Increasing Adherence to Treatment Regimens
Rates of nonadherence among asthmatic patients typically range from 30% to 70%. On average, patients take only about half of their medication. Other aspects of decreased regimen compliance include poor technique of inhaler use, irregular peak flow meter use, and avoidance of allergens. An estimated $6.2 billion was spent on asthma care in 1990. $3 billion resulted from emergency room visits and hospitalizations. Only 5% of the asthmatic population accounted for 70% of these total emergency services. Clearly, any program that would affect this 5% would greatly reduce asthma health care costs while improving the quality of patients' lives.
There are several factors that influence patient adherence to asthma treatment regimens. Asthma is different from most chronic illnesses in that patient compliance decreases with increased severity. Patients who understand their disease as significant, however, are more compliant with regular medical therapy. Loss of faith in medical regimens is also noted to reduce adherence. Failure of one medical regimen will create skepticism towards successive therapies. Finally, it is no surprise that medication regimens that are difficult to administer further reduce compliance.
At the heart of improving patient compliance is the doctor-patient relationship. The following are several possible methods for improving patient adherence to medical regimens.
Trust - Patients who like and trust their caregiver trust the treatments they prescribe. An environment that is warm, friendly, and approachable helps open lines of communication. This trust in-turn, allow patients to reveal concerns and reluctance regarding therapies.
Communication - Open communication allows the caregiver to allay the fears a patient may have regarding their medical therapy. Many studies have indicated that patients do not comply with regular medication use for fear that they "may get used to the medication" making it ineffectual. Or that the side affect profile may be disproportionately concerning. Frequently, patients crosscheck medical opinion with "lay" sources that may be inaccurate.
Patient education - Trust and open communication will allow for better education of the disease process. As noted, patients who better understand how and why they undergo their symptoms of wheezing and shortness of breath are far more likely to appropriately take their medications.
Self-management - Creating self-management knowledge and skills will give the patient an element of control in their own care. When patients have an understanding of how to modify their regimens, they are far more likely to do so successfully and avoid emergency room use or hospitalizations. This process should include:
- Writing out action plans in clear language for when symptoms worsen.

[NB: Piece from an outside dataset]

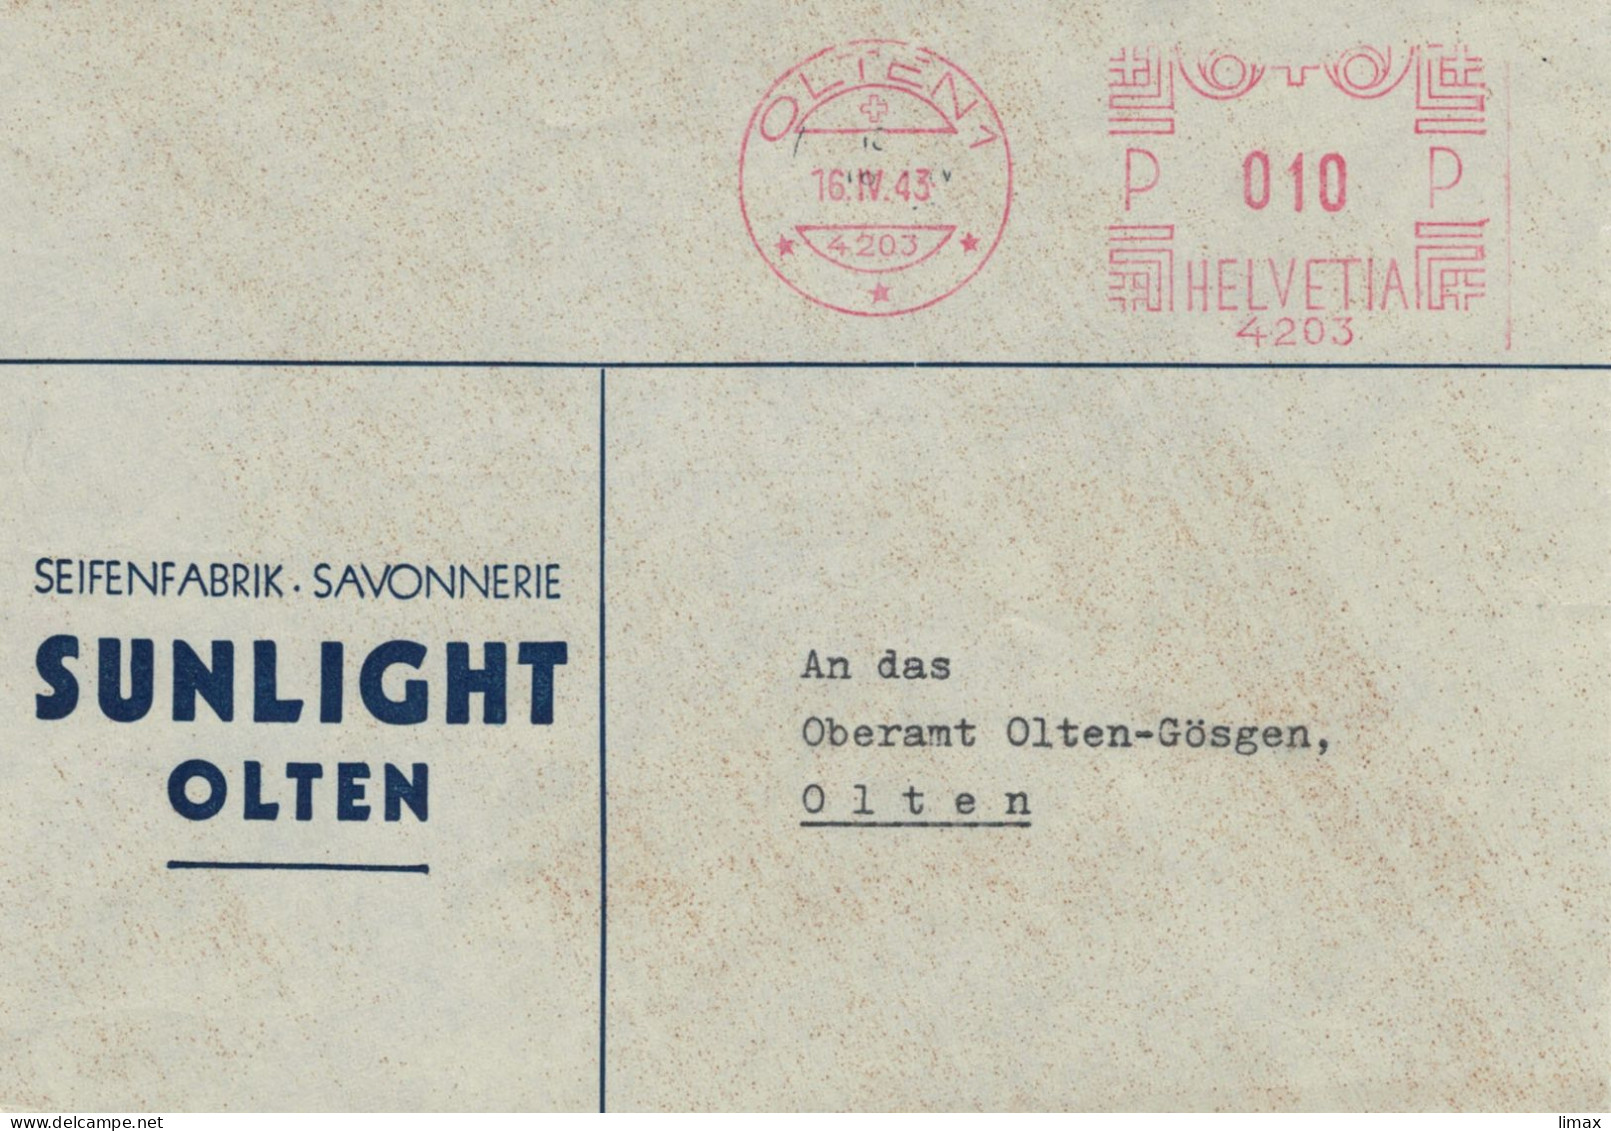 Seifenfabrik Savonnerie Sunlight Olten 1943 No. 4203 - Ortsbrief - Frankiermaschinen (FraMA)

- Expressing willingness to modify treatment plans based on patient concerns.
- Negotiating to meet concerns such as cost or side effect profile.
- Changing dosing schedules to meet lifestyle concern, or reducing the number of medications.

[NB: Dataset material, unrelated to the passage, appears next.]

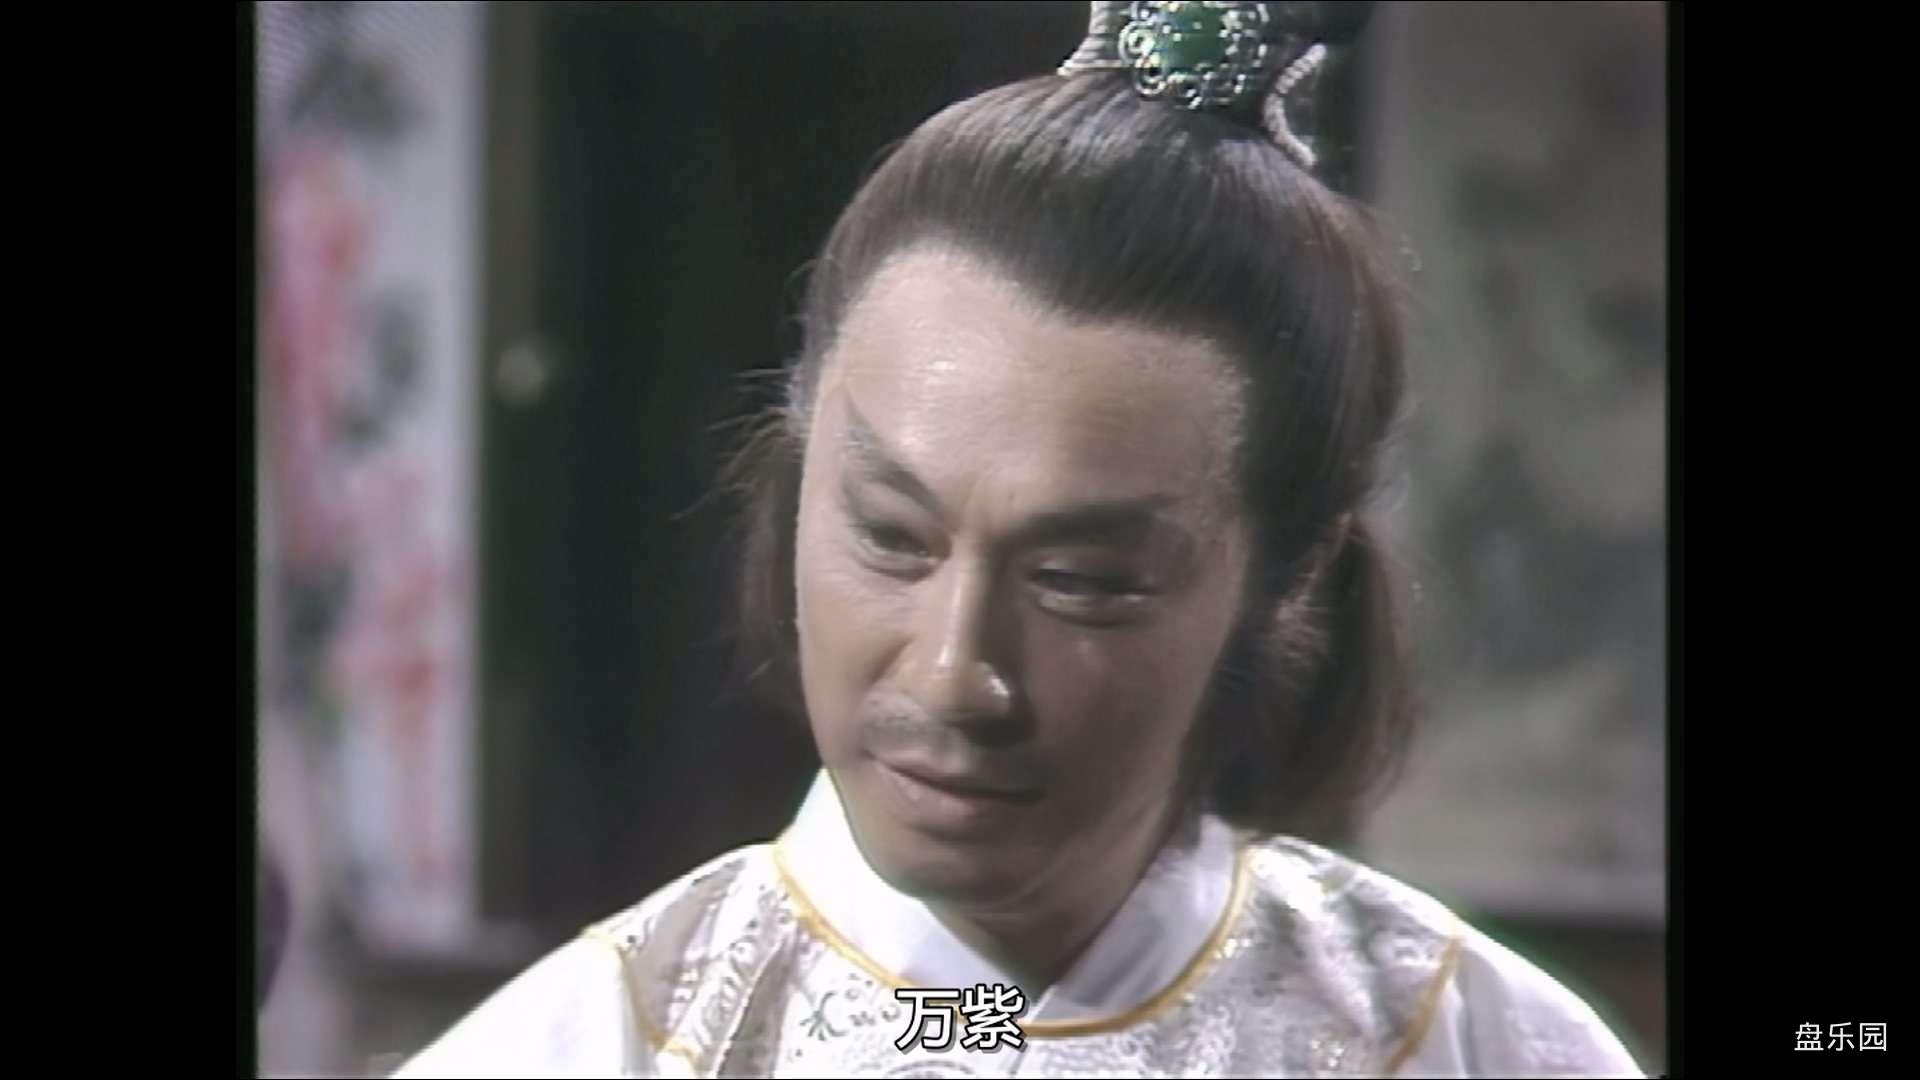 [游侠张三丰].Tai.Chi.Master.1981.S02.Ep06.myTVSUPER.WEB-DL.1080p.HEVC.AAC-CMCTV..jpg

"Difficult" to control patients require more time and effort from multiple sources such as physician, nurse, home outreach programs, individualized education and care, weekly, bimonthly telephone contact. The additional time and monetary costs in this group are probably easily offset directly by reduction in admissions and other emergency services.
Bibliography
1) Bender, B, Milgrom H and Rand C. Nonadherence in asthmatic patients: is there a solution to the problem? Ann Allergy Asthma Immunol 1997;79:177-86.
2) Osman, L.M., How do patients' views about medication affect their self-management in asthma? Patient Education and Counseling 1997;32:S43-S49.
3) Clark, N.M., Nothwehr, F. Self-management of asthma by adult patients. Patient Education and Counseling 1997;32:S5-S20.